Notes for April 2-4

 

What we discussed on Tuesday April 2:

On Tuesday April 2 we discussed splines. First we talked about cubic splines in general, then three ways of allowing users to specify cubic splines: Hermite, Bezier and B-splines.

We showed how to transform from each of these to the canonical form at3 + bt2 + ct + d, where 0 ≤ t ≤ 1.

You won't be responsible for splines until next week's assignment. I will be posting more detailed course notes for this material together with next week's course notes.

What we discussed on Thursday April 4:

On Thursday April 4 we started off discussing how to create surface normals for general purpose polygon smooth shaded meshes. The general idea is to proceed in two steps:

  1. Construct un-normalized face normals for each polygon face, by adding up the cross products of all pairs of adjacent edges, going around the polygon counterclockwise.

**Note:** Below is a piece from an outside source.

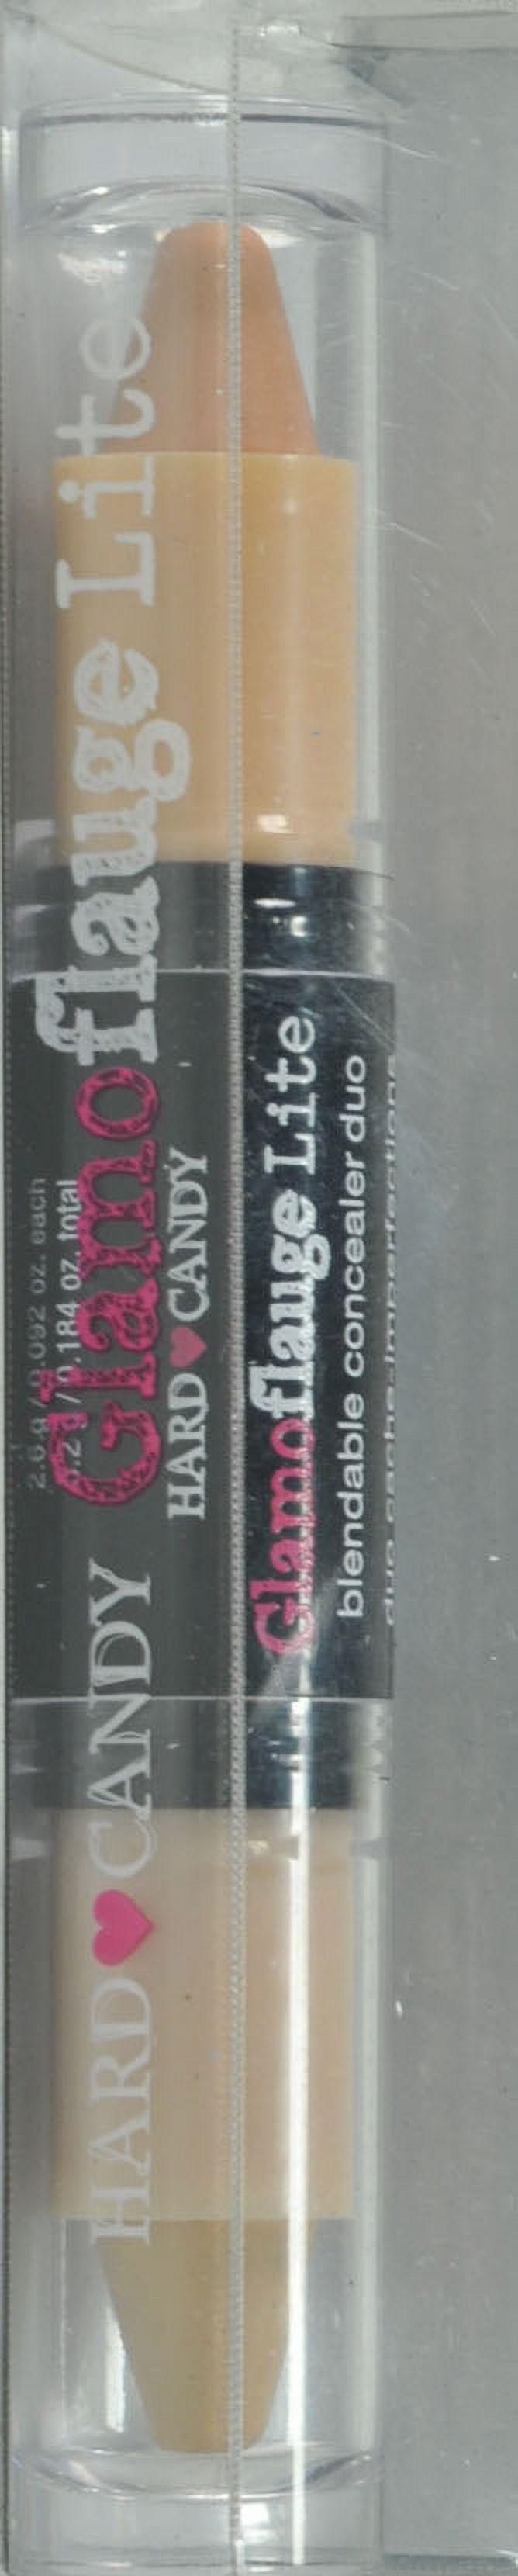 Hard Candy Glamoflauge Lite Blendable Concealer Duo, 756 Light Medium, 0.9 oz - image 2 of 3

  2. For each vertex, sum up the face normals for all faces adjacent to that vertex, and then normalize.
This method has the nice property that the normals it produces at each vertex are more aligned with the adjoining faces of greater area, which results in more realistic surface shading.

You won't be responsible for constructing mesh normals until next week's assignment.

We spent the bulk of the class modifying our shader code to allow multiple shapes to be rendered in the same scene, each with its own transformation matrix and surface material properties.

Also, at the suggestion of a student, we also packaged up lighting to be easier to specify and to animate.

The code we developed to do this is in shader7.zip.

Homework, due before class Thursday April 11:

Your homework, due on Thursday April 11 before the start of class, is fairly easy and should be a lot of fun. Build from the code in shader7 to create your own original animated scene.

Try to use m.save() and m.restore() to create hierarchical movements, like we did when we created that walking person several weeks ago.

As usual, have a good time with it. Use your imagination. Be creative. Surprise me. :-)


At the end of the lecture we watched the seminal 1999 computer animation by Paul Debevec Fiat Lux.